The intangible and less measurable factors are around us too. Back to sentiment: to what extent do Bahrainis across the spectrum feel that the country is a good place to bring up children, get a job, start a business, speak freely, influence the future of their country?
Put all these factors into the mix, and then you have a set of evidence that could inform the development of the country in a far more holistic way than the narrow confines of economic growth and even the wider dimensions of economic development.
But having a holistic view is all very well. What counts is creating the consensus that leads to effective action. And it’s clear that creating consensus depends not just on leaders but on leadership – at every level.
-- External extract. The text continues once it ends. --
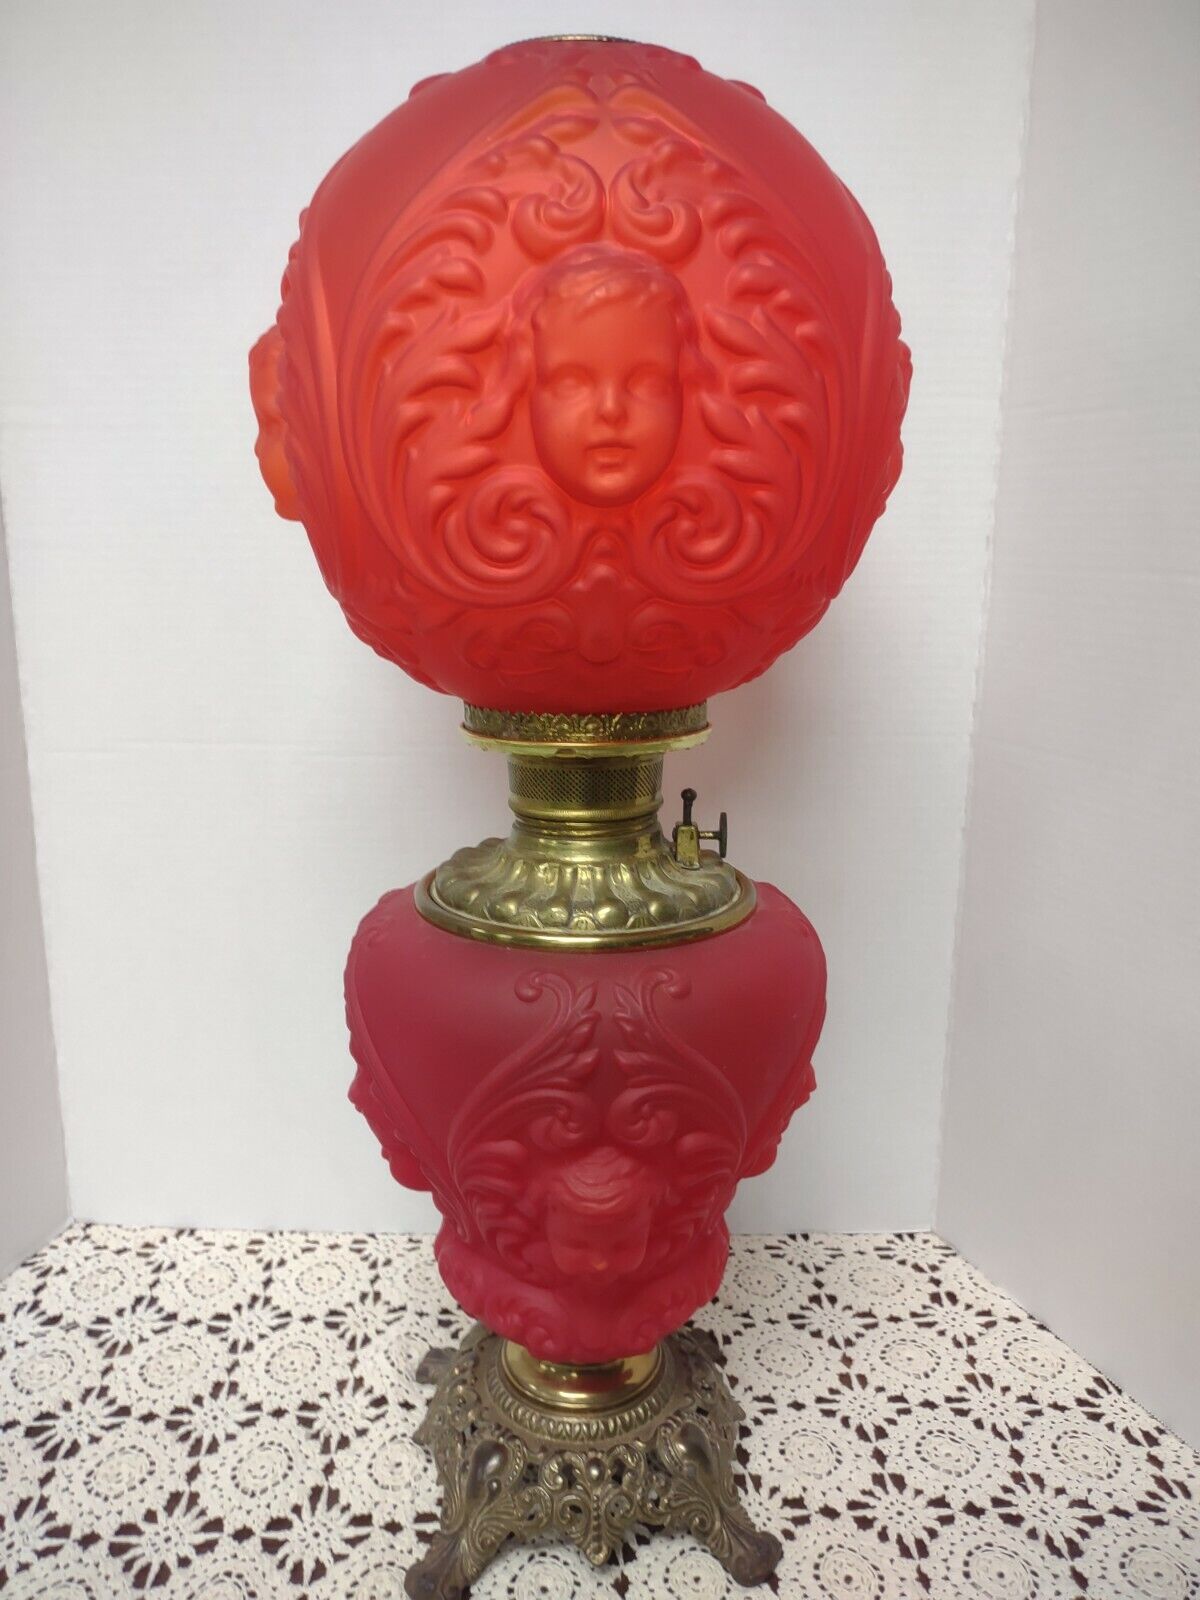 Antique Red Satin Cherub Angel Baby Face GWTW OIL Consolidated Banquet Lamp  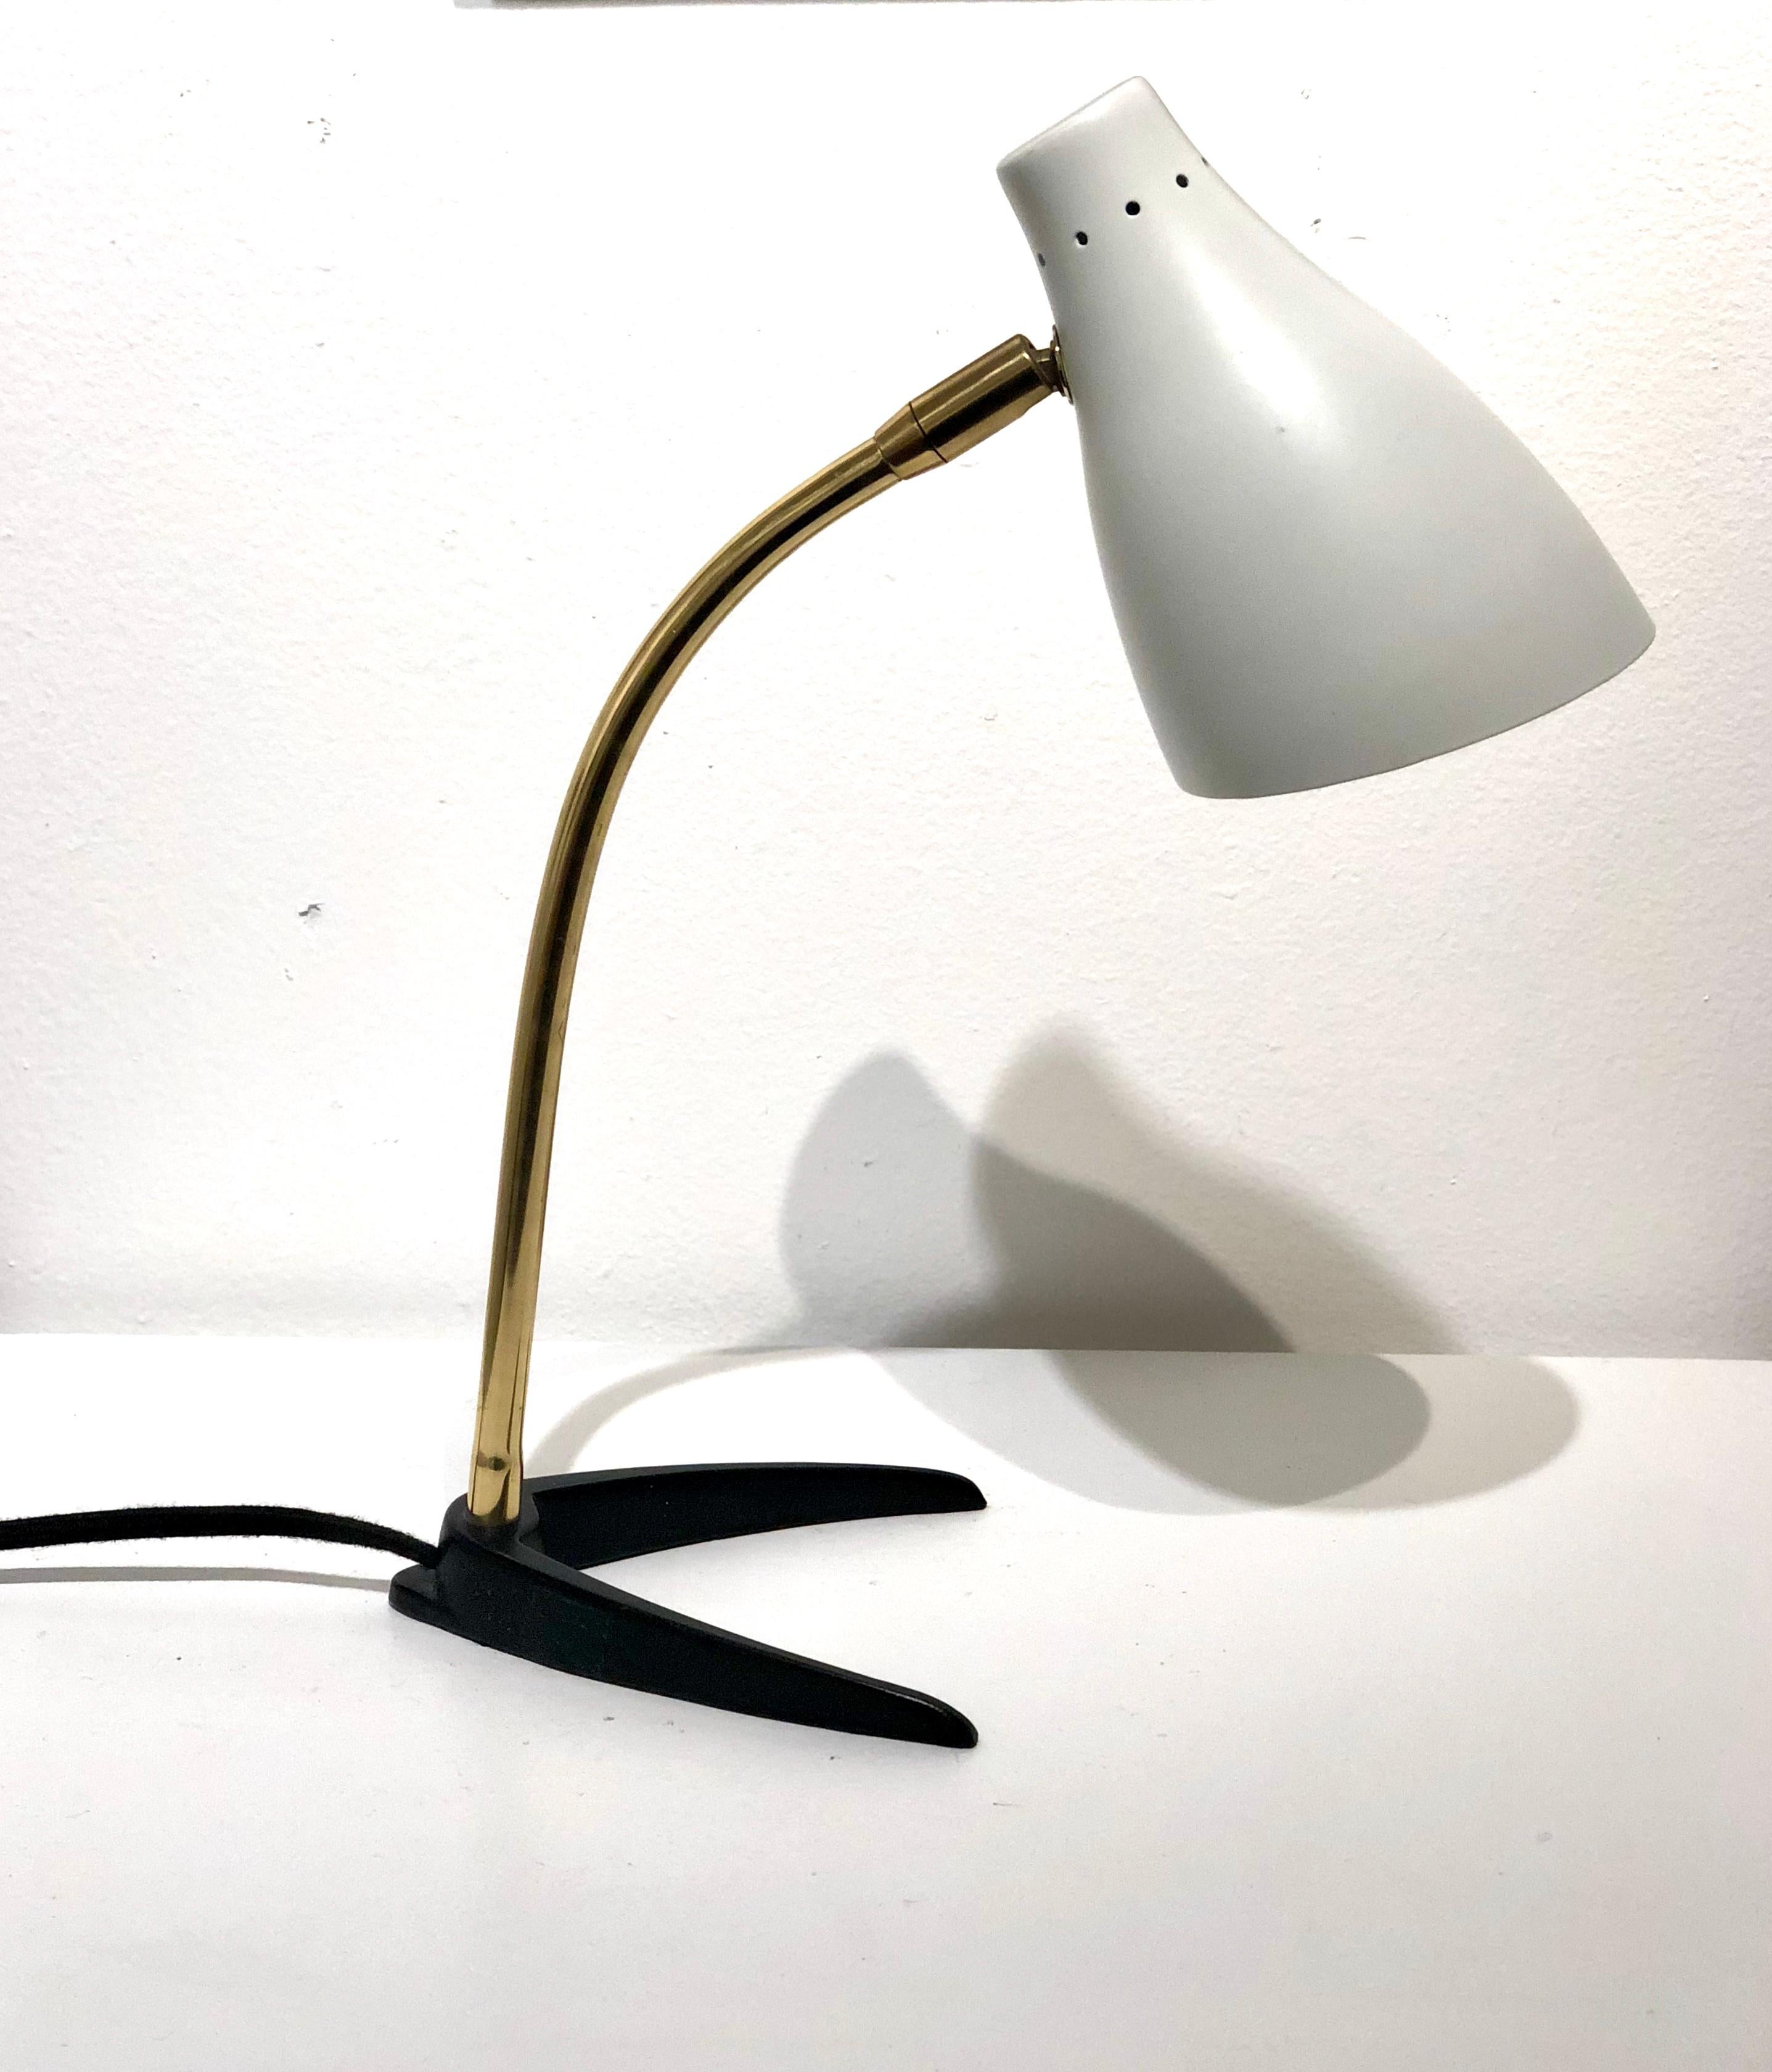 Beautiful Italian design multidirectional desk lamp, white enameled metal shade, with brass polished arm that moves up and down side to side, on iron base freshly rewired new socket totally restored like new condition.

Not just on the acts of leaders but on sustained, long-term demonstrations of leadership within communities, interest groups and institutions.
Mindsets will have to change, both socially and politically. The elite will need to revisit the concept of ownership and levels of wealth distribution. Society will need to reconcile itself to lower or variable levels of entitlement, perhaps to less subsidies for those who don’t need them. The very scarcity of natural resources will force the country to make painful adjustments sooner rather than later, whereas other states in the region can afford to keep kicking that can down the road.
Consensus is in short supply in Bahrain right now. But I remain convinced that of all the countries in the Gulf Cooperation Council, this one has as good a chance as any in the long term to develop into a contented and prosperous society, even if the process will continue to be painful for some time to come.
You don’t need oil oozing from every hole in the ground, the tallest buildings in the world, the biggest airports and Maserati police patrol cars to achieve a modicum of national happiness.